The heteromorphic image construction specifically comprises the following steps:
a1: assuming that the heterogeneous graph is represented as HG ═ (HV, HE), where HV represents the set of nodes and HE is the set of edges;
a2: given a biomedical text D subjected to entity labeling, a node set of a heterogeneous graph constructed on the basis of the text D consists of a plurality of subsets: node set E of various biomedical entities1,E2,...,ENWhere N denotes the number of categories of biomedical entities in a given text, and a candidate relationship node R, consisting of pairs of biomedical entities, formalized as HV ═ (E)1,E2,...,EN)UR;
A3: initializing and expressing the biomedical entity nodes as vector expression obtained by an input module; in addition, for the candidate relation nodes, firstly, the vector representation of the corresponding biomedical entity is spliced, then, after a full connection layer is used for activation, the activated vector is finally used as the initialization representation of the candidate relation nodes in the heteromorphic graph.

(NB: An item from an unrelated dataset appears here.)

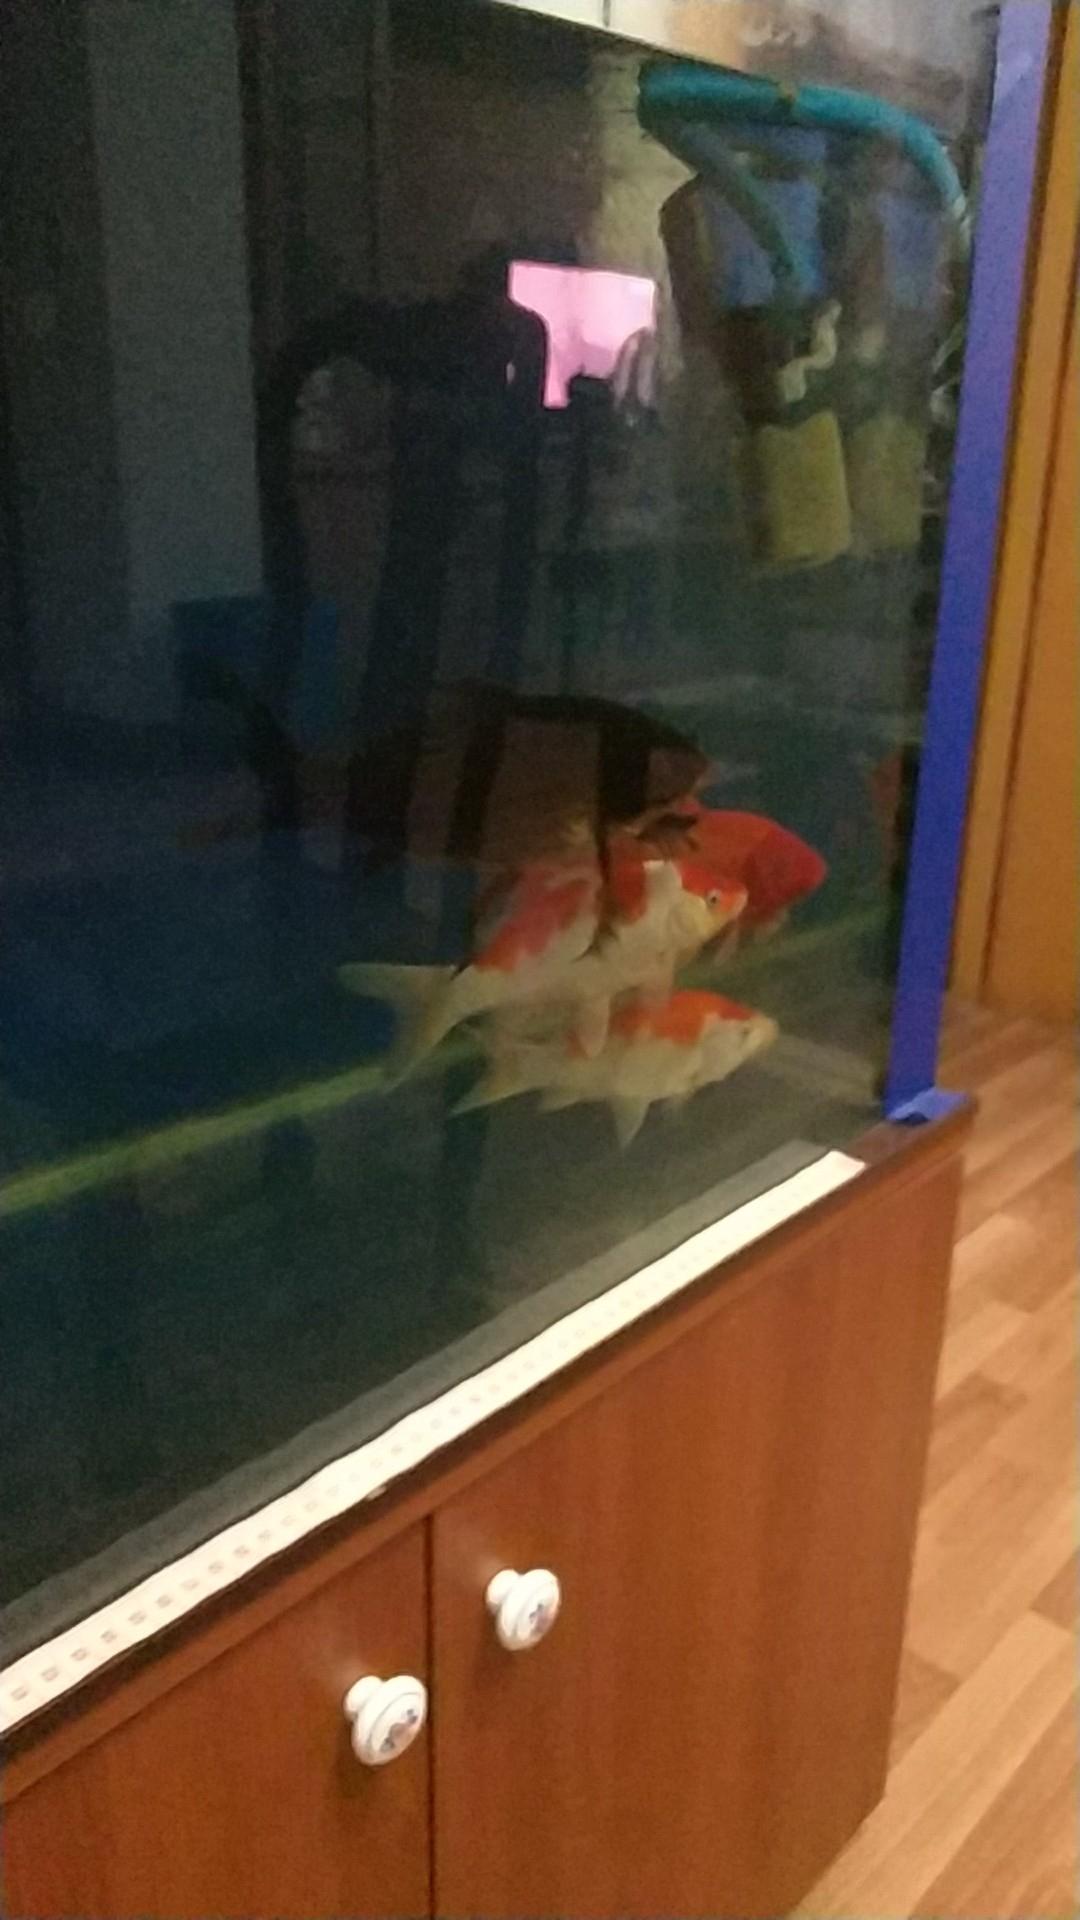 【西安白子魟鱼】灯一直开着吗锦鲤 西安观赏鱼信息 西安博特第2张
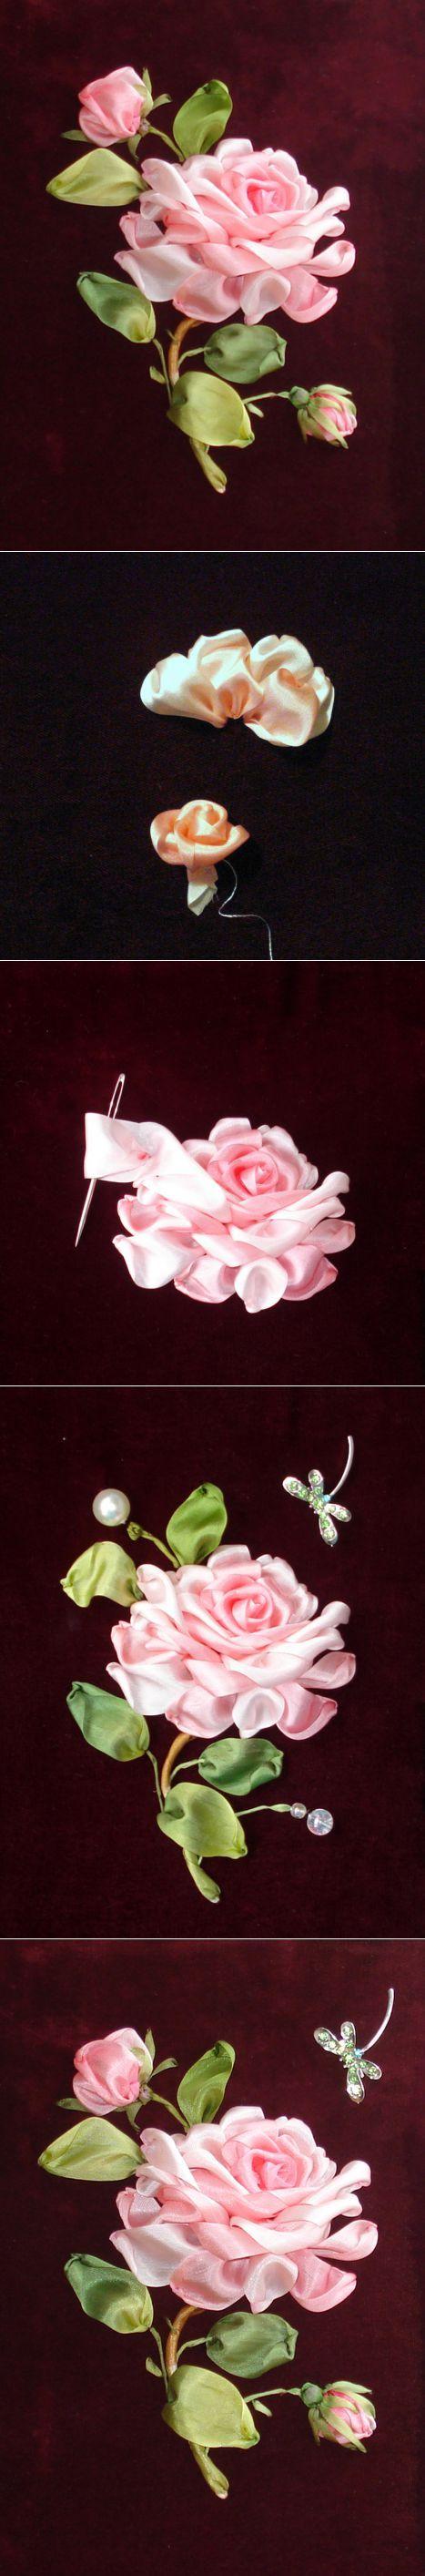 Внутри каждой души есть Роза... / Конкурсы / Цветочное рукоделие

The construction of the edges between the nodes of the candidate relationship in the heteromorphic graph is carried out in the following two steps:
b1: each candidate relationship node is formed by pairing a chemical entity and a disease entity, so that an edge is constructed for each candidate relationship node and the corresponding biomedical entity;
b2: in order to take the similarity between the entities into consideration, similarity calculation is carried out between the entities, and if the similarity between two entities is large enough, an edge is constructed between the two entity nodes.
The double-layer attention mechanism specifically comprises the following steps:
c1: giving a certain candidate relation node, and firstly collecting 1-hop and 2-hop neighbor nodes of the node;
c2: then all neighbor nodes are divided into groups according to the node types: and updating the vector representation of the given candidate relation node by using two levels of attention mechanisms of various biomedical entity neighbor nodes and candidate relation neighbor nodes.
The double-layer attention mechanism consists of two parts: the node-level attention mechanism aggregates information of neighbors of the same type and the type-level attention mechanism aggregates information of neighbor nodes of different types, in the constructed heterogeneous graph, relationship reasoning is mainly based on vector representation of candidate relationship nodes, so that information related to the candidate relationship nodes needs to be considered as much as possible to improve the performance of relationship extraction, as each candidate relationship node is provided with edges connected with corresponding entity nodes, different neighbor nodes in the same type and different types of neighbors have different importance for representation learning of the candidate relationship nodes, and therefore for each candidate relationship node, the influence of the neighbor nodes on the learning of the candidate relationship node vector representation is considered in two levels.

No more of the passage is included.